Seriously man, whatever happened to configs that you can set once. They obviously realise that people want it with the control-o but why make them do this over and over without a way to just config it, or whatever the cli does like maybe:
./clod-code -v
or something. Man I dislike these AI bros so much, there always about "your personal preferences are wrong" but you know they are lying through their smirking teeth they want you to burn tokens so the earth's inhabitability can die a few minutes earlier.
Speaking of burning tokens, they also like to waste our tokens with paragraphs of system messages for every single file read you do with Claude. Take a look at your jsonl files, search for <system-reminder>.
Keep cattle, not pets! The advice that used to apply for managing large numbers of machines also applies to managing coding agents.
If you rely on monitoring the behaviors of an individual coding agent to produce the output you want, you won't scale
Are you one of those developers that hates debuggers and stack traces, and would rather spend three hours looking at the output or adding prints for something that would take 5 minutes to any sane developer?
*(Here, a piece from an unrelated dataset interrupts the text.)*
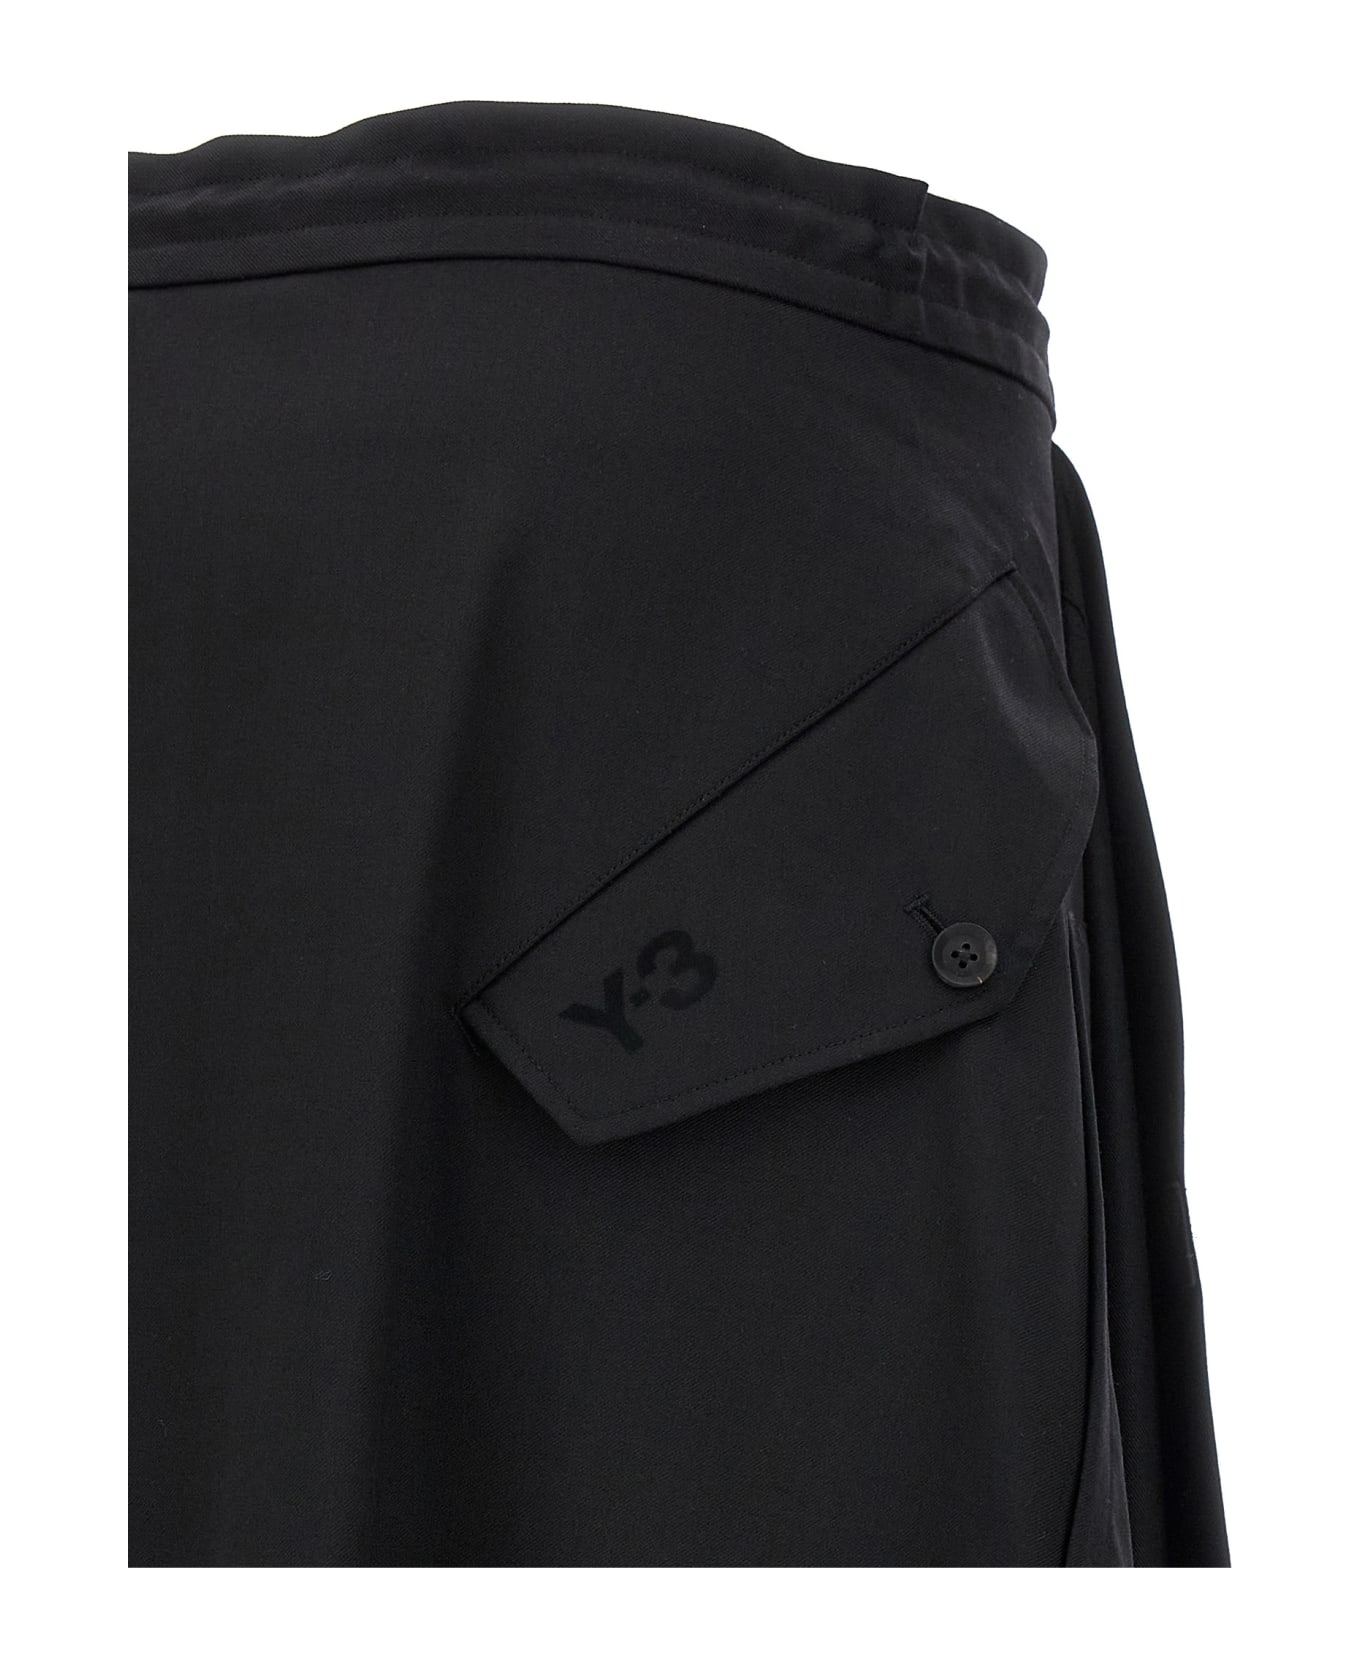 Y-3 Asymmetrical Skirt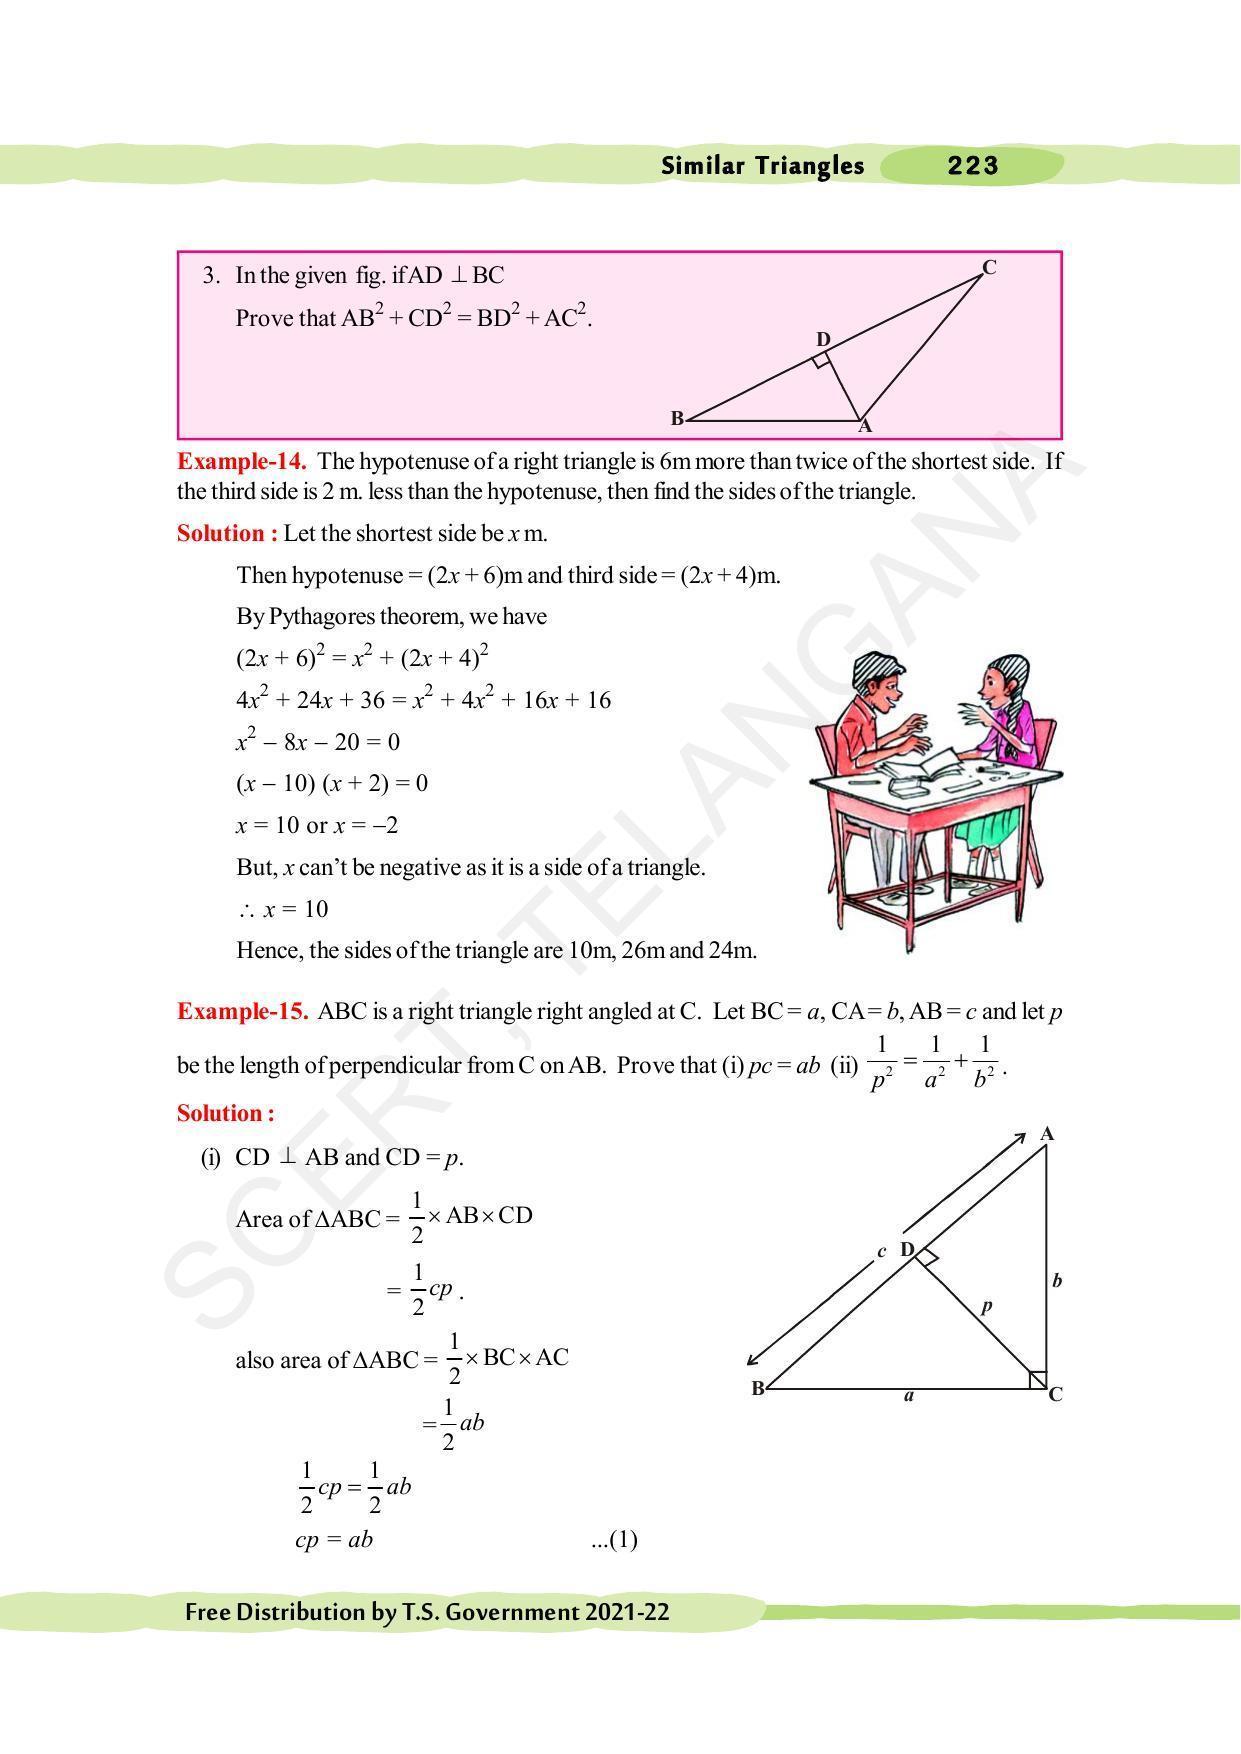 TS SCERT Class 10 Maths (English Medium) Text Book - Page 233

This is very much a tangent, and was asked in bad faith, but I’ll answer anyways!
One of the interesting things about working on distributed systems, is that you can reproduce problems without having to reproduce or mock a long stack trace
So I certainly don’t see the case you’re talking about where it takes hours to reproduce or understand a problem without a debugger. Of course there are still many times when a debugger should be consulted! There is always a right tool for a given job.
Correction: "some devs hate it"
lol the title of this post immediately feels like something I'd see on buzzfeed or my google news feed in mobile chrome.
The nice thing about the competition in the CLI space is that... you can just move? CC has always been a bit wonky/ this is active enshittification- there is the likes of Codex etc...
Feels like moment that would be looked back at as the beginning of enshittification
Srsly? People actually watch all the chatter in the little window?
Pro tip: "git diff"
ctrl+o ?
Why not run Claude on an FUSE based filesystem, and make a script that shows the user which files are being accessed?
"You can already build such a system yourself quite trivially by getting an FTP account, mounting it locally with curlftpfs, and then using SVN or CVS on the mounted filesystem" — https://news.ycombinator.com/item?id=9224
You can basically ask Claude to build it for you :)
If you read their immediate reply you’ll see it invalidates this tired point: https://news.ycombinator.com/item?id=9479
Better link shows exchange:
https://news.ycombinator.com/item?id=9224
Or this pulls the exchange under the famous HN post itself:
https://news.ycombinator.com/item?id=8863
Why not script automatic C-o injection?
Ultimately, the problem is the tool turning against the user. Maybe it is time to get a new tool.